Question

A stone is dropped from a height of 9 meters above the ground. If the height functions can be modelled by the equation h(t) = a ─ $ {{\text{t}}^{2}} $ , where t is the time in seconds, h is height in meters, and a is the initial height, how many seconds does it take for the stone to hit the ground?

Answer 1

Hint: The height h of the stone the distance of the stone from the ground, whereas a is the height from which the stone is dropped. It is given that the motion is governed by the equation h(t) = a ─ $ {{\text{t}}^{2}} $ . We will substitute the height h at the ground level into the equation of motion h(t) = a ─ $ {{\text{t}}^{2}} $ and substitute the given initial height. Then we will solve the equation to find the value of t and thus we can find the time required for the stone to reach the ground from a height of 9 meters.

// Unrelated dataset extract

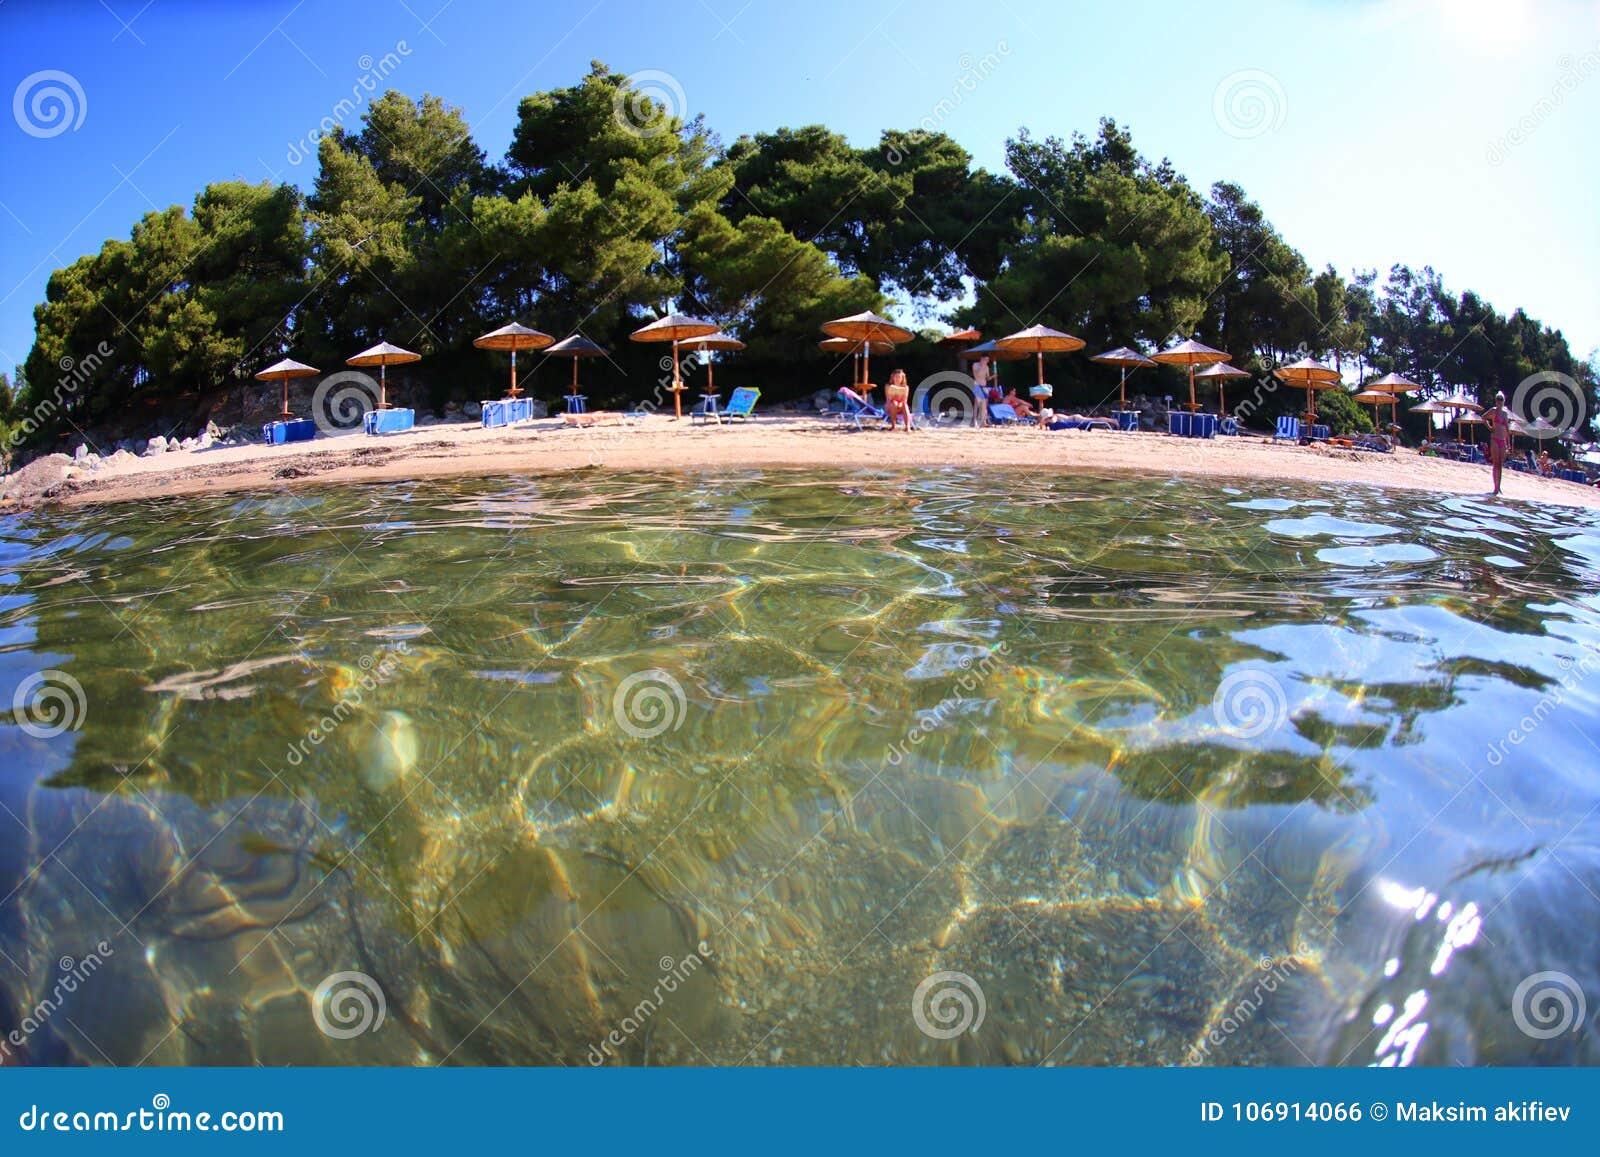 Iglasta plaża z parasolami w Halkidiki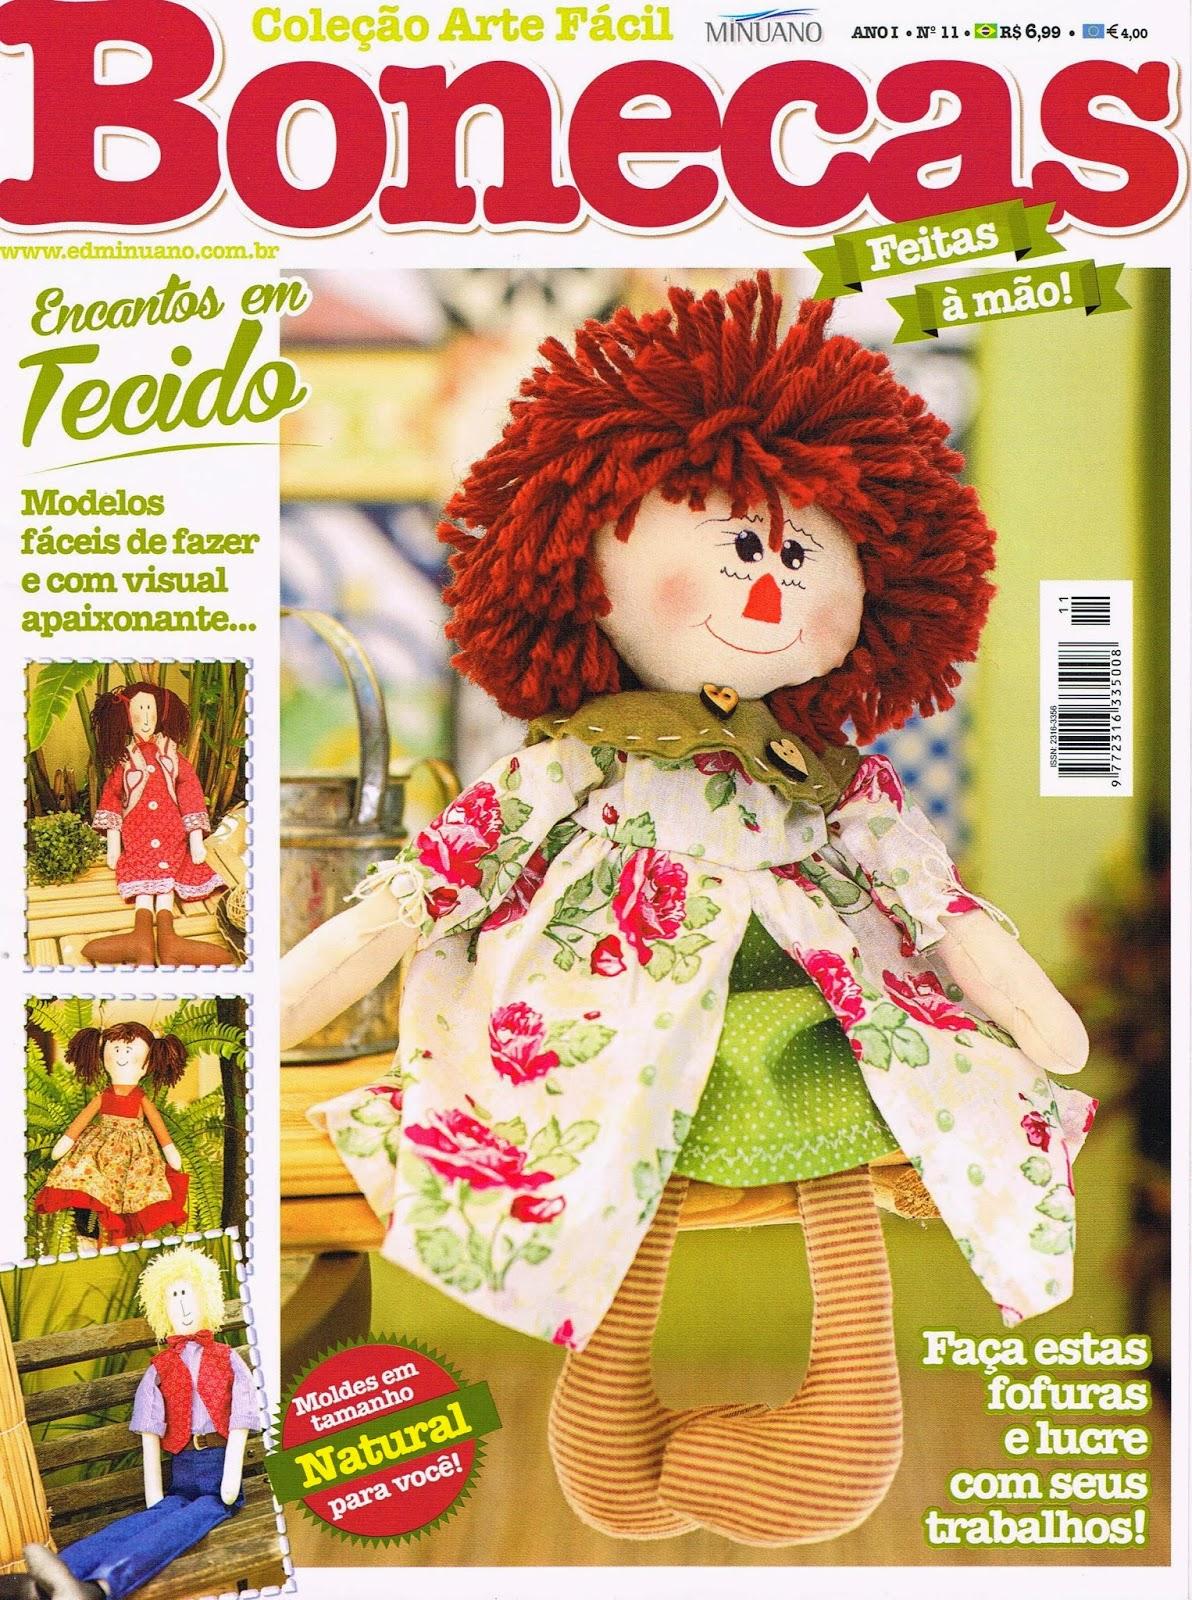 Revista Bonecas número 11 - Maria Adna publicou três bonecas nesta revista

Complete step-by-step answer:
The equation of motion is given as h(t) = a ─ $ {{\text{t}}^{2}} $ .
We can see from the equation that as the t, that is the time increases, the value of h, that is the height at that instant of time decreases, whereas a is the initial height and remains constant.
It is given to us that the stone is dropped from a height of 9 meters. Thus, a = 9.
So, we substitute a = 9 in the equation h(t) = a ─ $ {{\text{t}}^{2}} $ .
 $ \Rightarrow $ h(t) = 9 ─ $ {{\text{t}}^{2}} $
Now, we will find the instantaneous height at t = 0.
 $ \Rightarrow $ h(0) = 9 ─ $ {{\left( 0 \right)}^{2}} $
 $ \Rightarrow $ h(0) = 9
Now, if the stone reaches the ground, its instantaneous height will be 0.
Thus, substitute h(t) = 0 in h(t) = 9 ─ $ {{\text{t}}^{2}} $
 $ \Rightarrow $ 0 = 9 ─ $ {{\text{t}}^{2}} $
 $ \Rightarrow $ $ {{\text{t}}^{2}} $ = 9
 $ \Rightarrow $ t = 3 or –3
But t cannot be negative, thus t = 3.
Thus, it takes 3 seconds for the stone to reach the ground.

Note: It is important to check equations of motion with t = 0, so that we can keep in mind any anomalies, if present, in the motion. At t=0 we get the initial position of the object before the displacement.